By Youssef Sourgo
By Youssef Sourgo
Morocco World News
Casablanca, July 17, 2013
In the last couple of years, there has been a discernible tendency to misrepresent Moroccan women in popular media, especially in those produced in some of the Gulf countries. While misrepresentation usually stems from lack of knowledge and familiarity with the represented object, person or group of people, the misrepresentations of Moroccan women appear an exception to this assumption, since the misrepresenters here are other Arab countries, which share a considerable cluster of cultural vlaues with Morocco.
Recently, the image of the Moroccan woman has been subject to one more popular media distortion. A soap opera exclusively designed for broadcast in Ramadan in Saudi Arabia, entitled “Kalam A’nass” (people’s talk), joined the list of Gulf countries’ TV products that distort the image of Moroccan women.
Episode number 6 of the series, specifically titled “Al Khirfan (the sheep), depicted Moroccan women in the most derogatory fashion. The episode depicts an ambitious young woman who sets up a call-center business and hires Moroccan girls to work in it.
The Moroccan girls’ task in this episode consists in duping Saudi young men by seducing and selling them illusory promises of love via phone calls in exchange of money. Such practice has been described as “love trading.” Also in the same episode, a Moroccan woman is depicted as leading other girls within the call center in their sordid endeavors, by instructing them on how to dupe “the sheep.”
The image of the Lebanese woman also had its share of distortion in Saudi Arabia’s Kalam A’Nass. The Saudi series also tarnished the image of Saudi young men. Their portrayed happy-go-lucky attitudes towards women has further fostered the unsavory distorted image other mediatic forms of expression had propagated about them.

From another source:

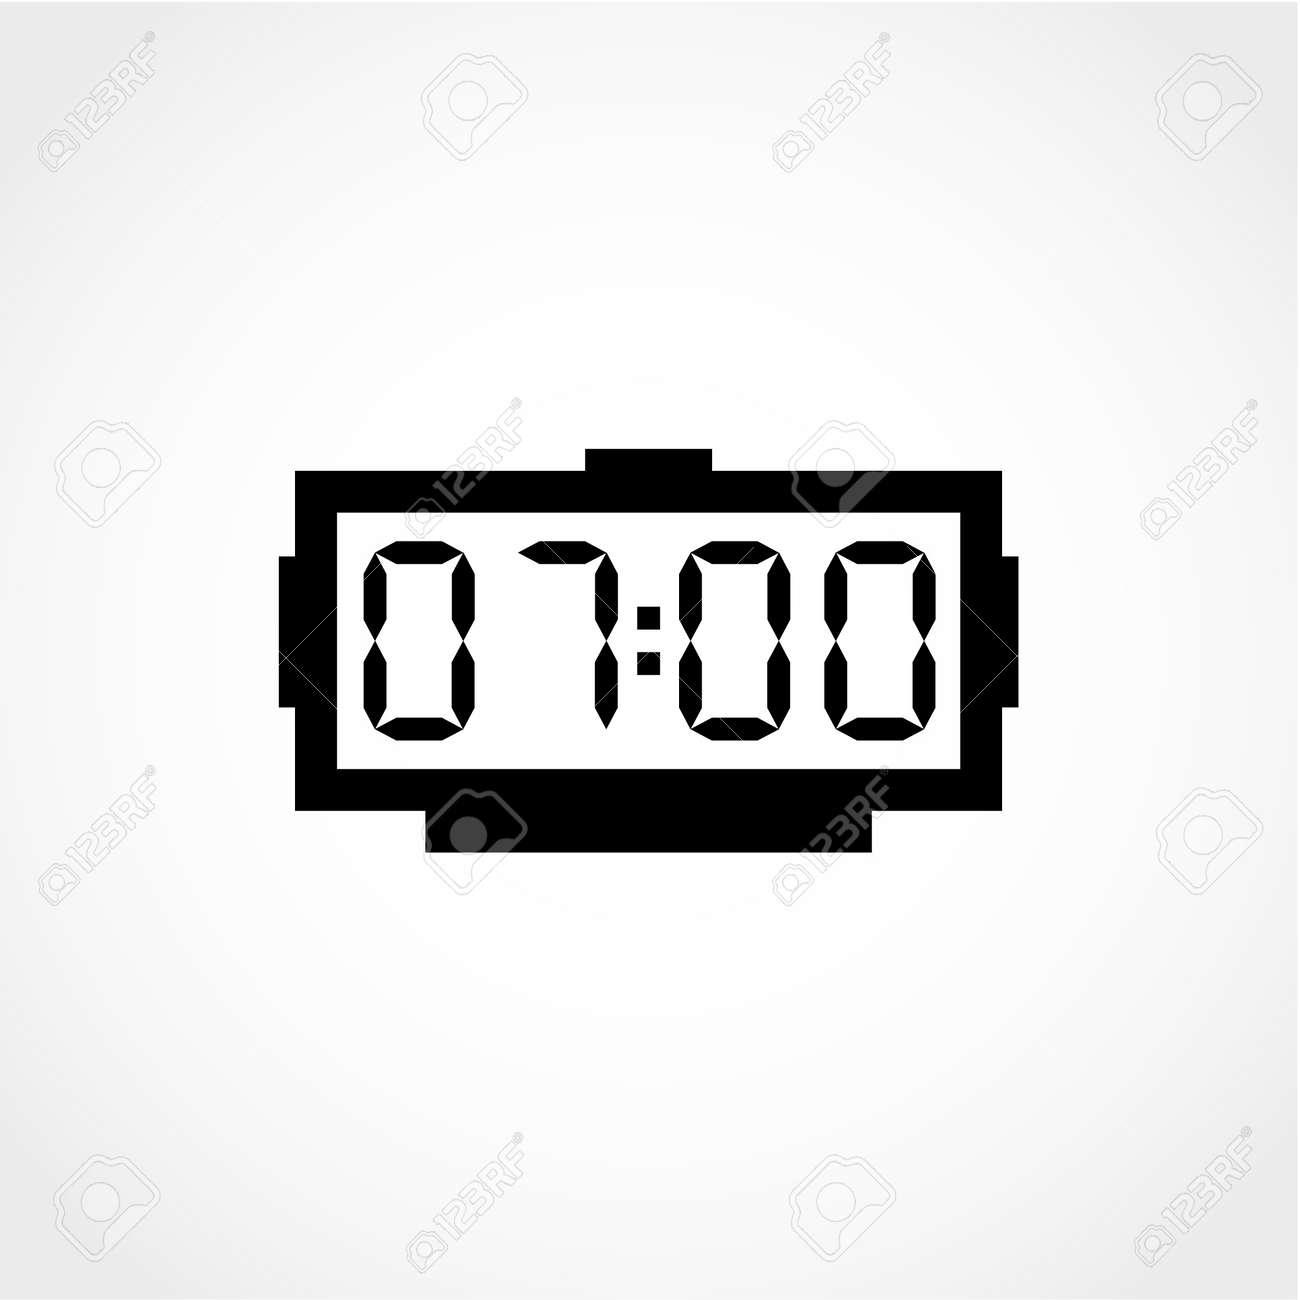 digital alarm clock icon isolated on white background royalty free rh 123rf com Digital Clock Numbers Analog Clock Clip Art
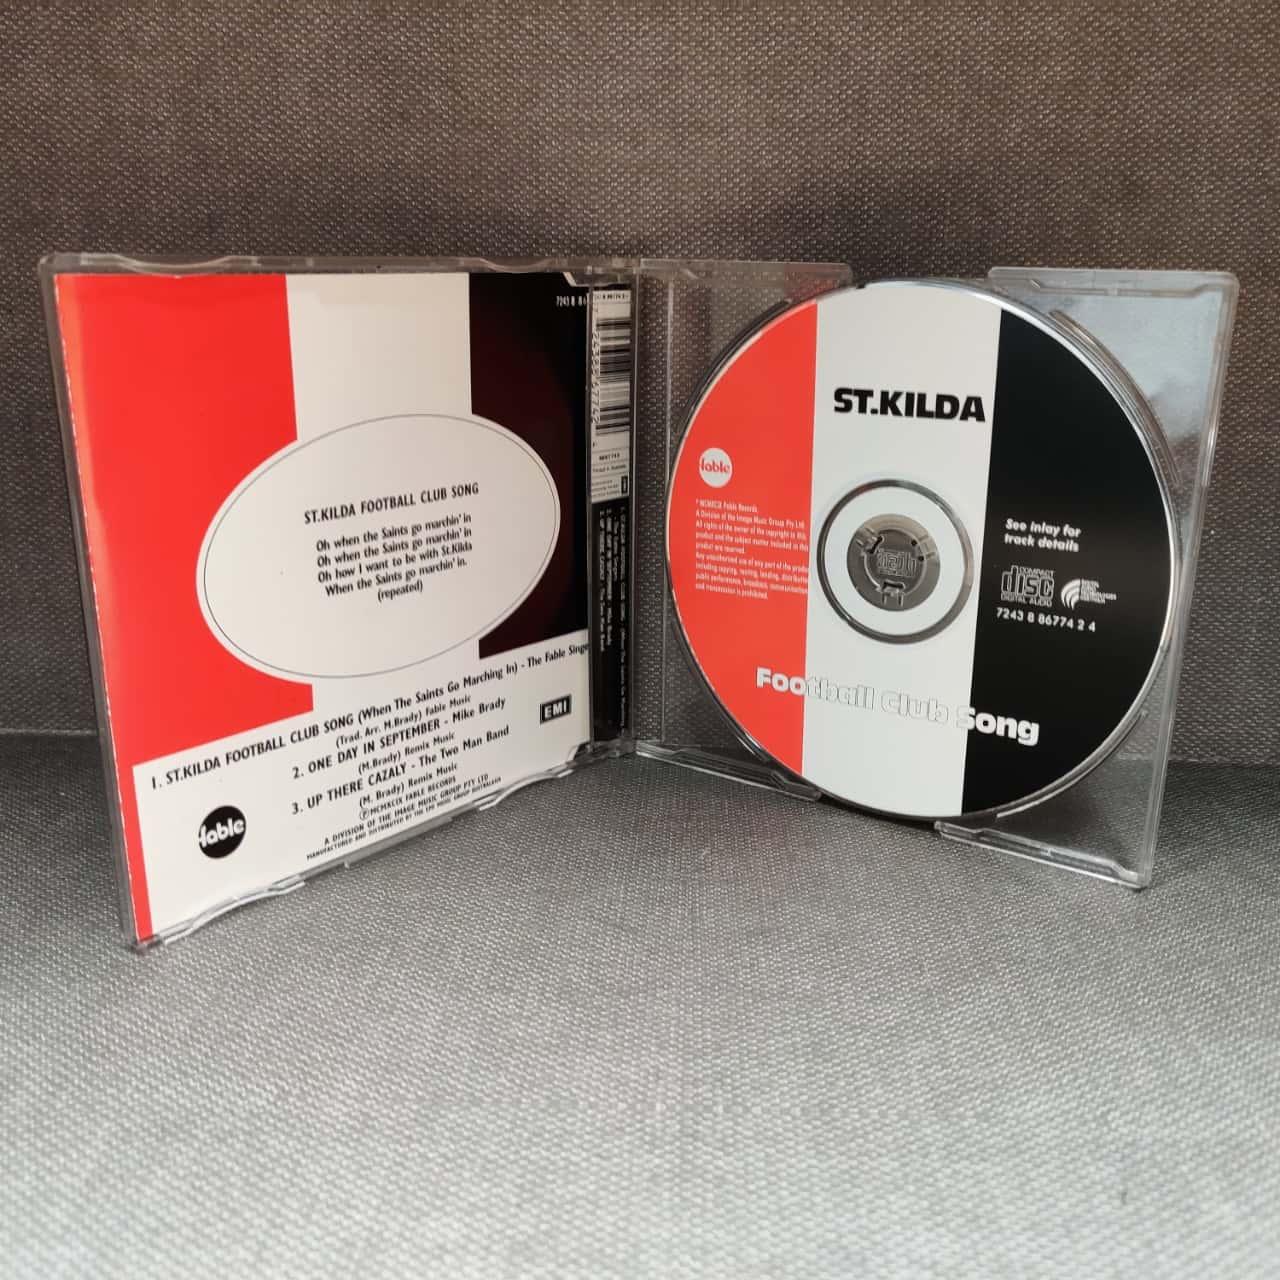 St Kilda Football Club Song CD

Like among popular culture products generated in Gulf countries on Moroccan women, Kalam A’Nass radiates undertones of direct attack not only on Moroccan woman, but also beyond on the Arab world at large. Ironically, Moroccan women, being a constitutive fragment of the mosaic of female Arab identities, are being misreprepresented by their fellow Arabs, who are supposed to respect the cultural and religious values they have in common Morocco.